Raleigh’s mayor is not only having city employees work from home on Wednesday – she is urging citizens to stay away from downtown on Inauguration Day. Mayor Mary-Ann Baldwin said all employees will be telecommuting on Wednesday and that move was made out of an abundance of caution. She’s also encouraging people to avoid downtown.
“I think it would be a good idea for people to stay away from downtown, especially the Capitol area, on Wednesday.”
Wake County offices located in downtown Raleigh will close in response to potential security issues tied to the inauguration. The offices will be closed Tuesday and Wednesday, Wake County officials confirm. Offices were already closed on Monday due to the Martin Luther King Jr. holiday.
County Manager David Ellis sent a note to county employees said the move was made out of an “abundance of caution.” "I’m closing all county offices near the State Capital (sic) in downtown Raleigh to the public and our non-public safety employees,” Ellis wrote.
Due to the heightened security risk next week, a spokesperson for the North Carolina Democratic Party said the first floor windows of their office building in Raleigh have been boarded up. NCDP said they are also contracting Raleigh police to provide additional security.
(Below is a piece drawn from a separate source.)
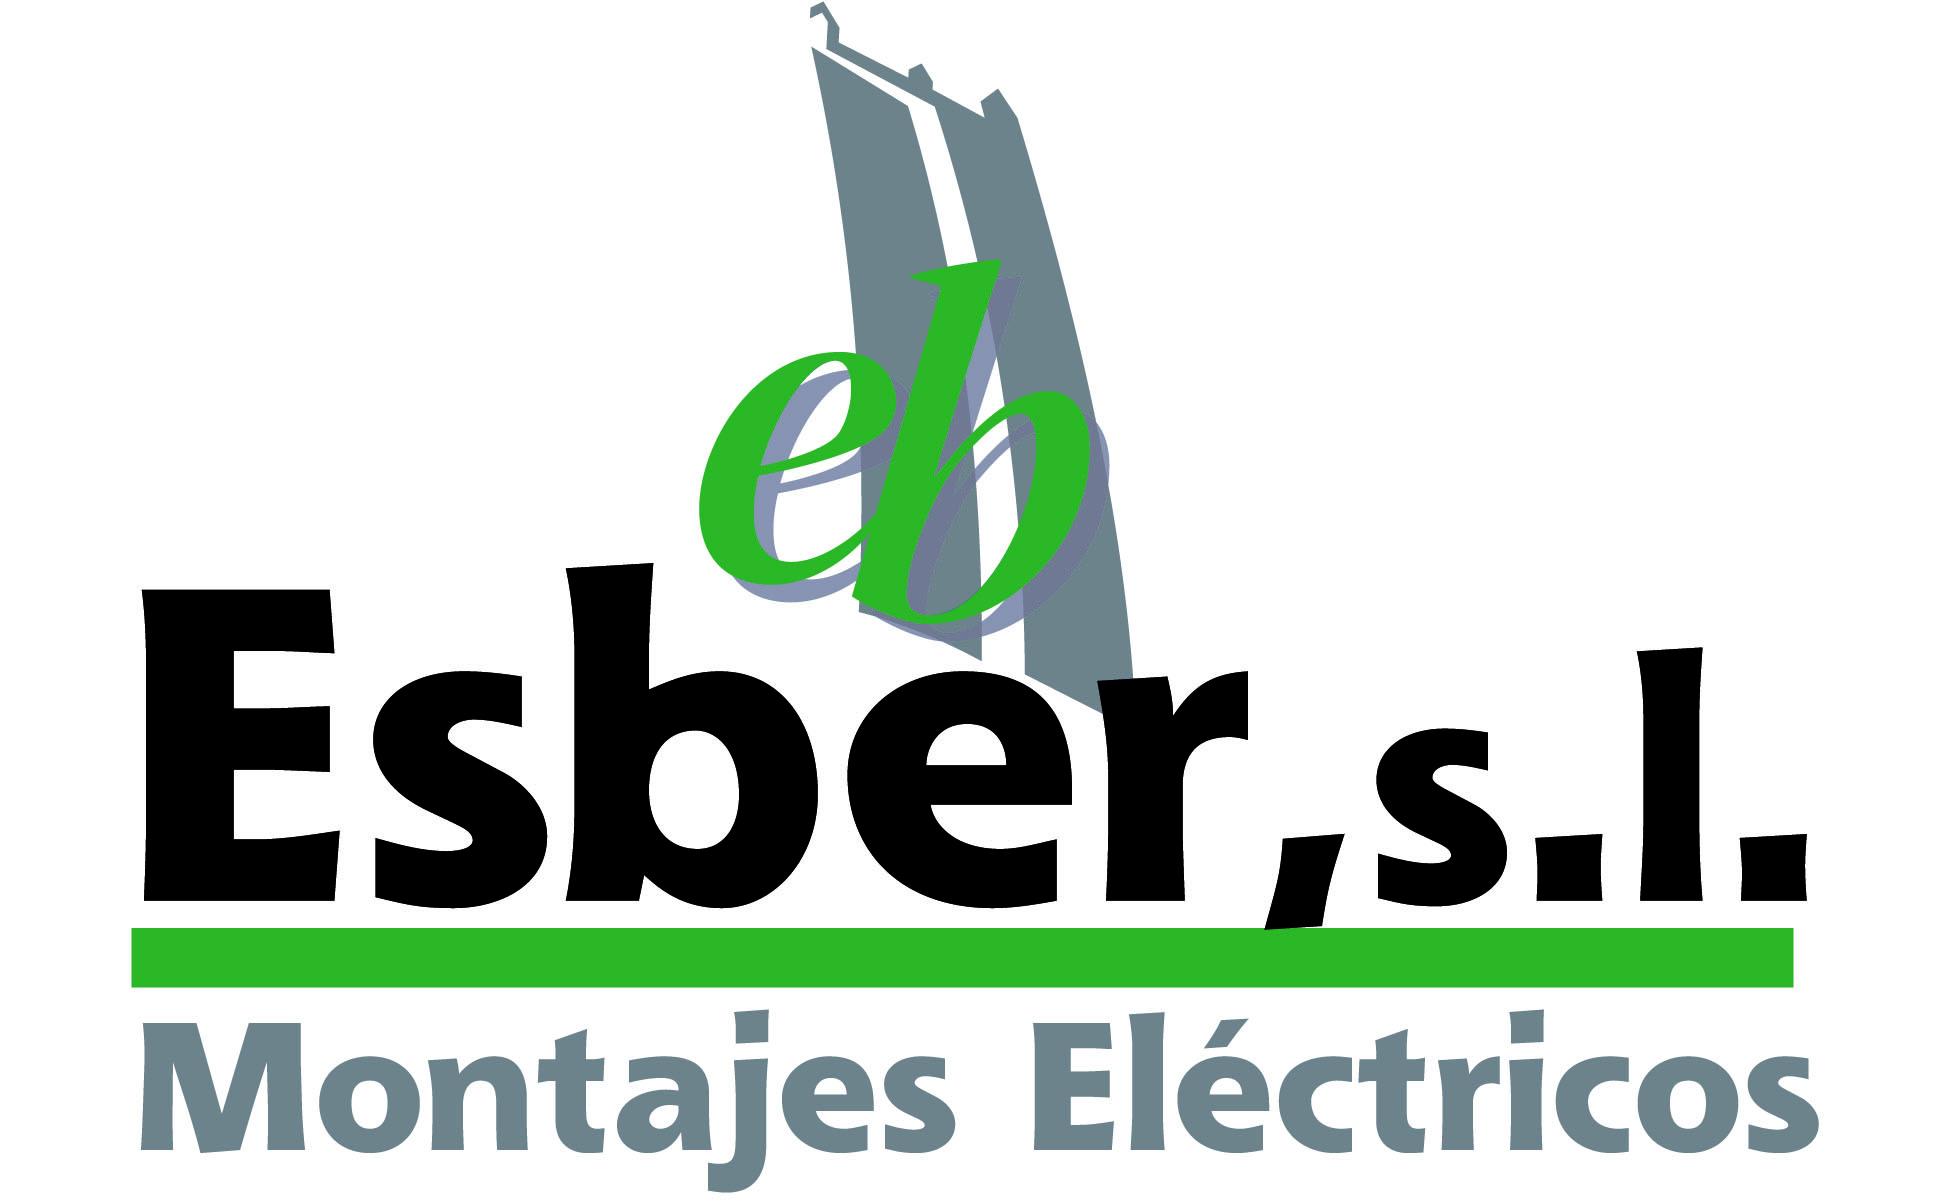 ESBER logo completo - Montajes Eléctricos Esber

Earlier this week, Gov. Roy Cooper mobilized about 550 National Guard personnel on Wednesday. Approximately 350 will help in Raleigh while the rest will go to Washington to assist with the inaugural events.
An FBI bulletin earlier this week warned of armed protests in all 50 state capitols as well as Washington in the days ahead. Following the attack at the U.S. Capitol, Cooper said dozens of states are sending personnel to the nation’s capital. Wake County made a similar move in May as protests gripped the nation in the wake of George Floyd’s death.
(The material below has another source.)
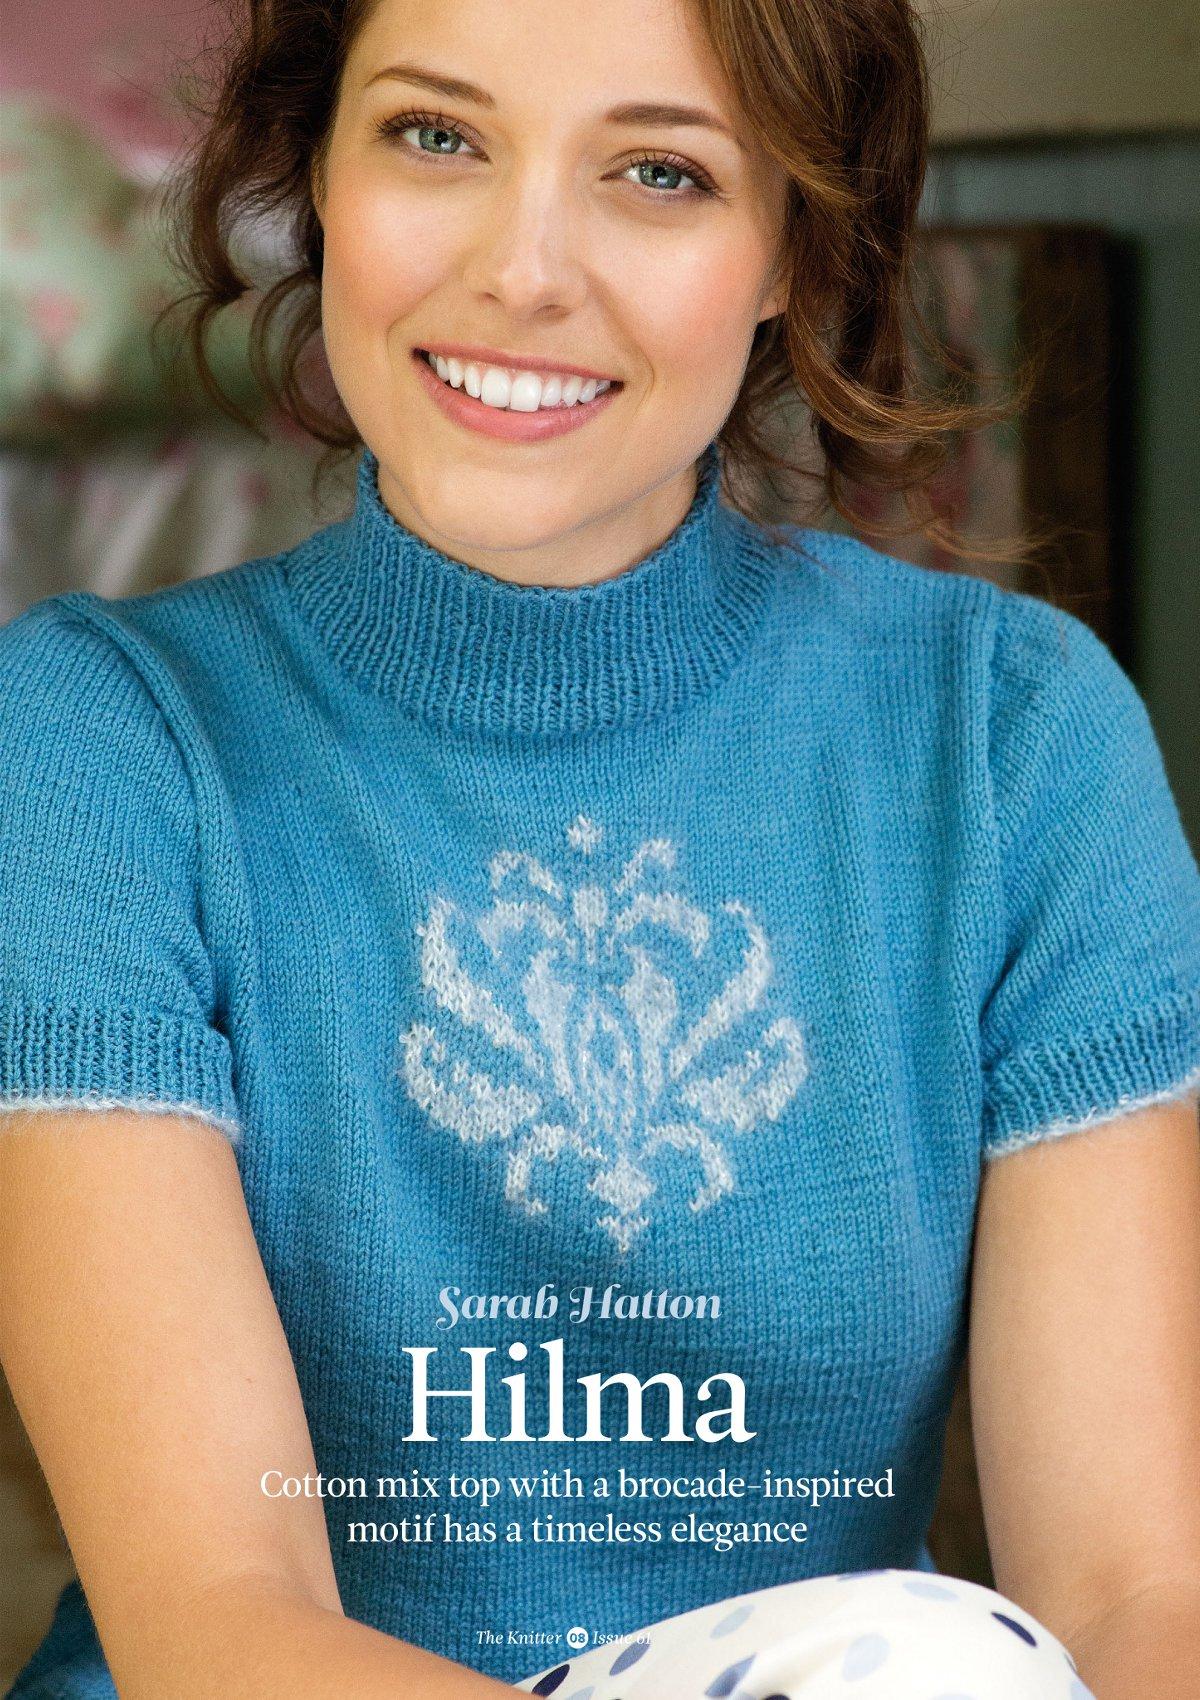 http://vjazhi.ru/images/stories/The_knitter/61/Hilma.jpg

David Schanzer, director of the Triangle Center on Terrorism and Homeland Security, said law enforcement will have a “big challenges” in the coming days.
“Law enforcement is certainly on notice after Jan. 6 of the potentiality for violence and I think are going to be out in force and very well-prepared,” he said. “Allowing the protests to go forward if they’re peaceful but being ready to respond with the manpower and the force that’s necessary to stop violence. Police have a tough job to try to draw that fine line.”
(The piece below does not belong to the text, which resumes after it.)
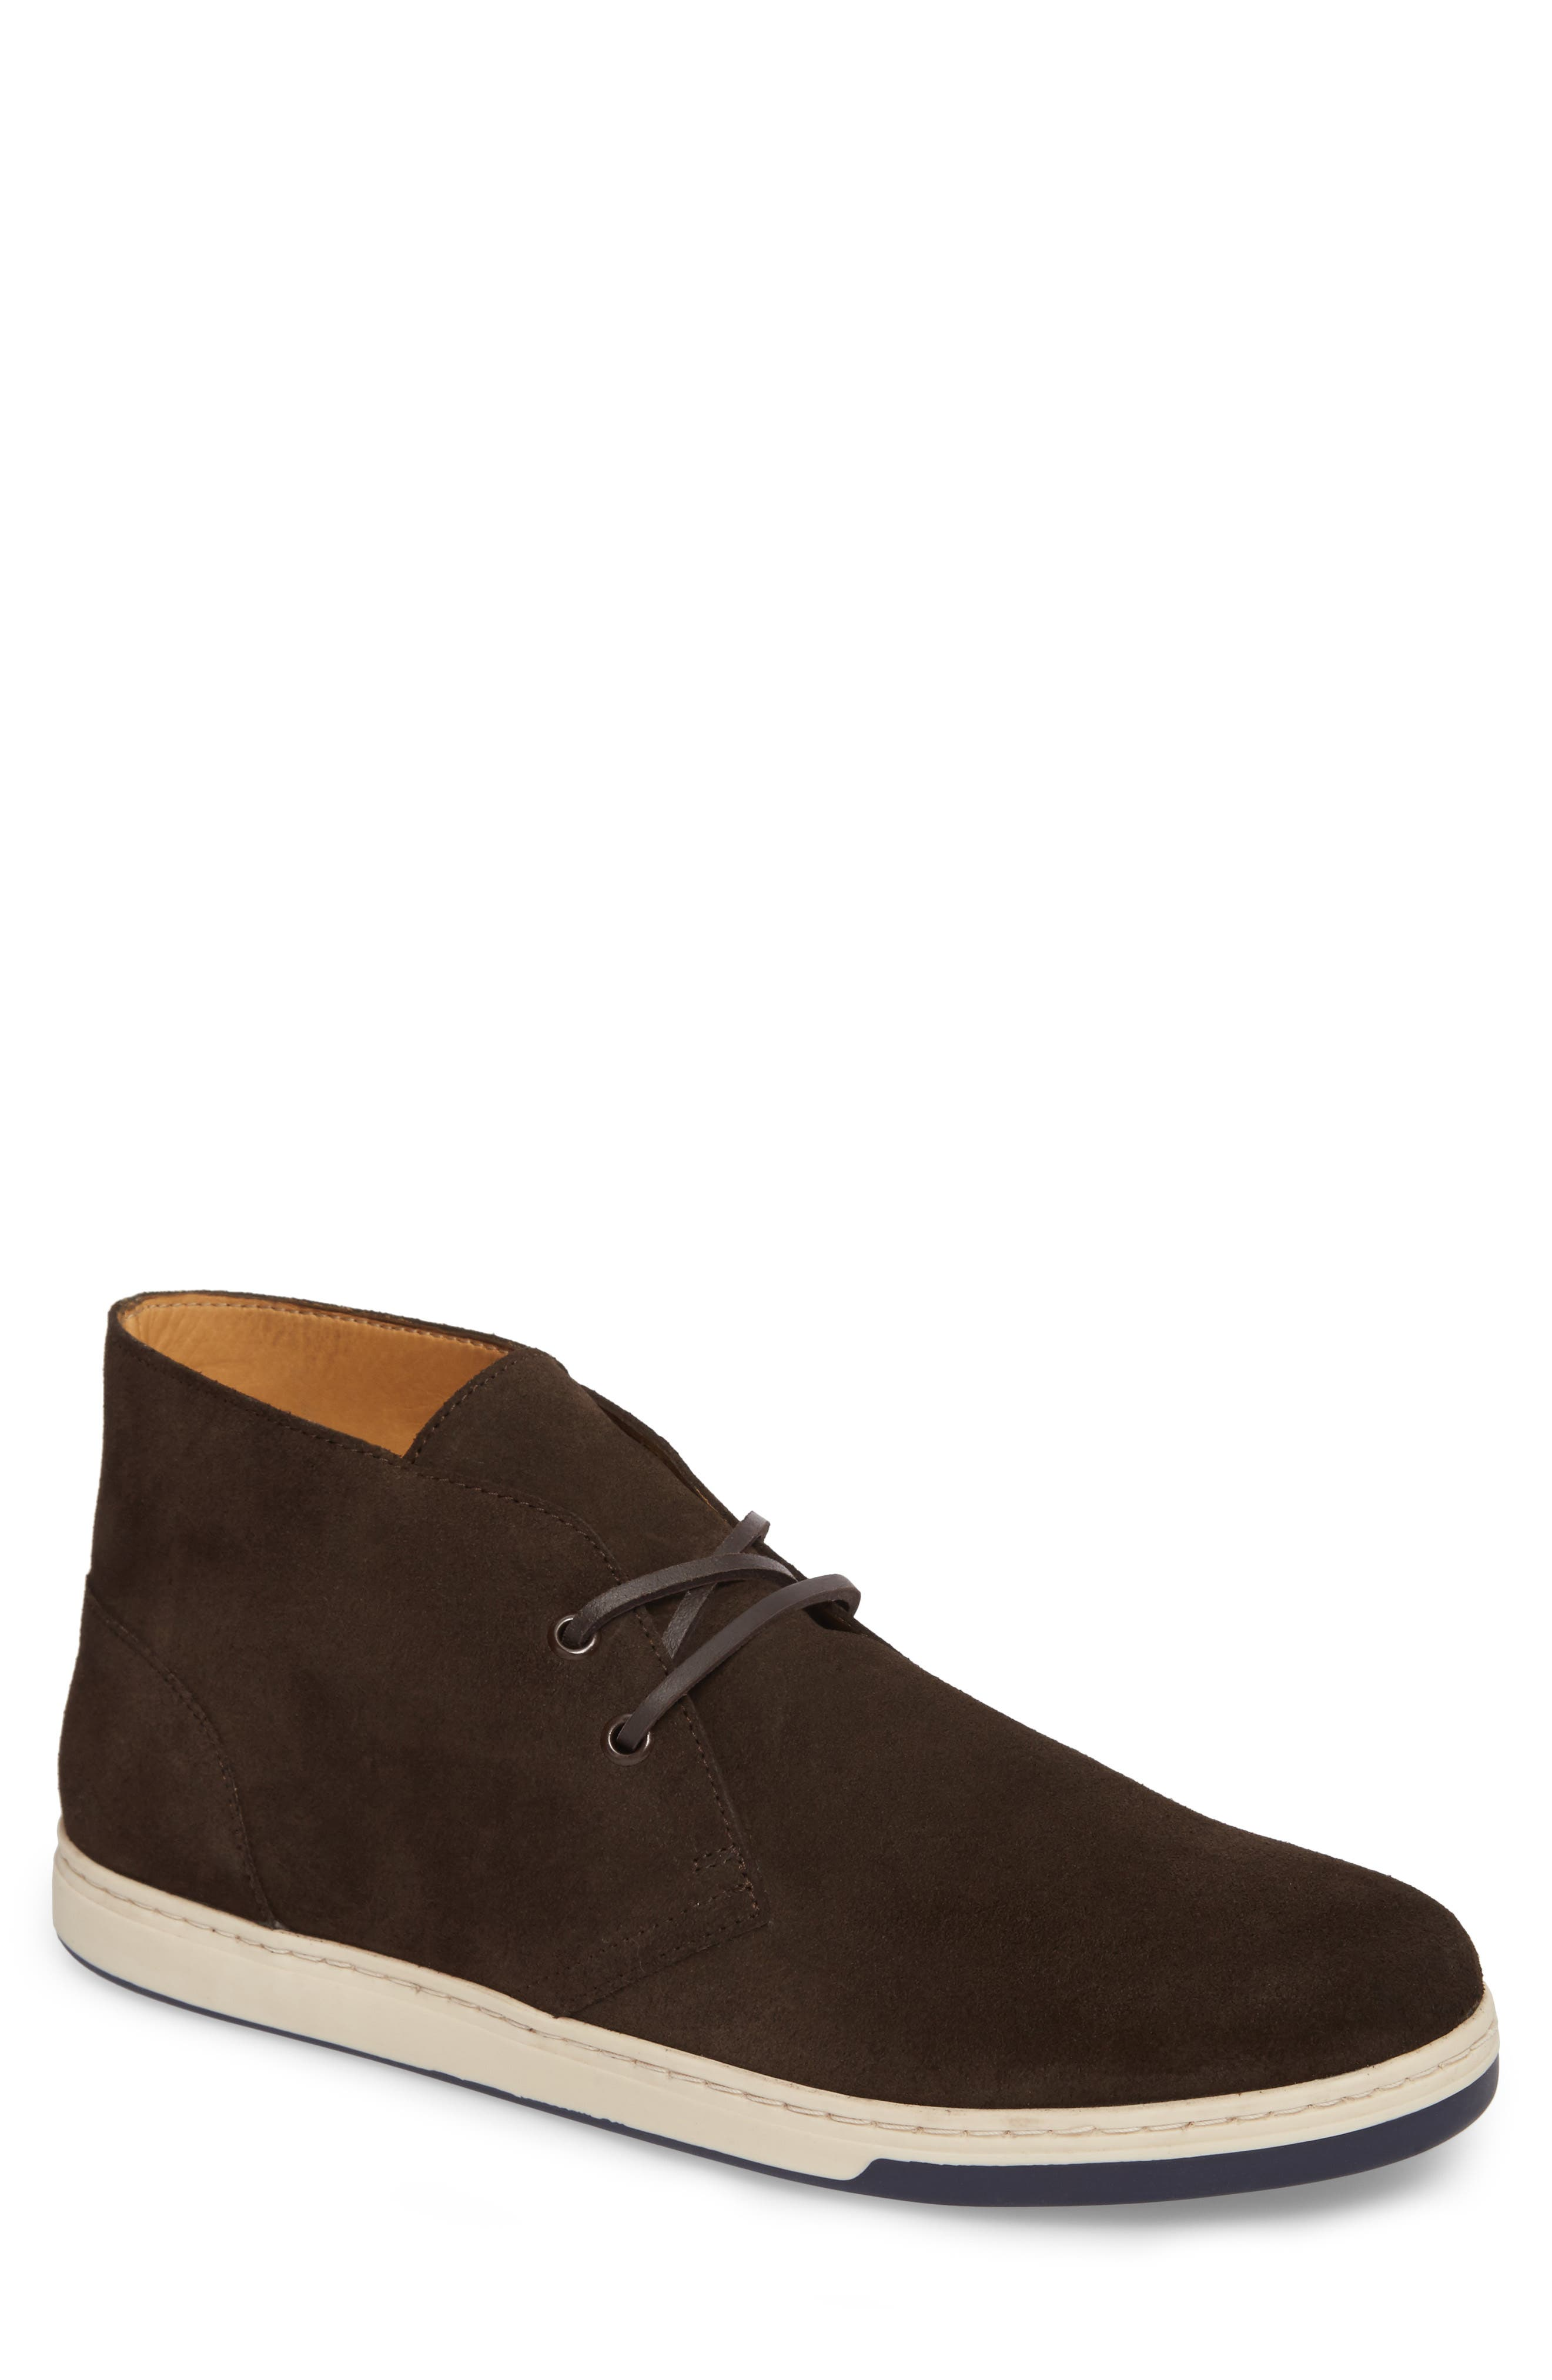 Berkleys Sneaker,                         Main,                         color,

Schanzer studies right-wing extremism and said he was not shocked that violence occurred at the Capitol last week.
“As a society, we need to get a grip on how to combat ideas that are so much based in fantasy rather than reality. And, law enforcement and society, in general, will have to learn how to grapple with that,” he said. “With QAnon, you never know exactly what’s going to happen next and where the misinformation is going to come from and therefore where the violence might occur. So, I think those things present big challenges for law enforcement.”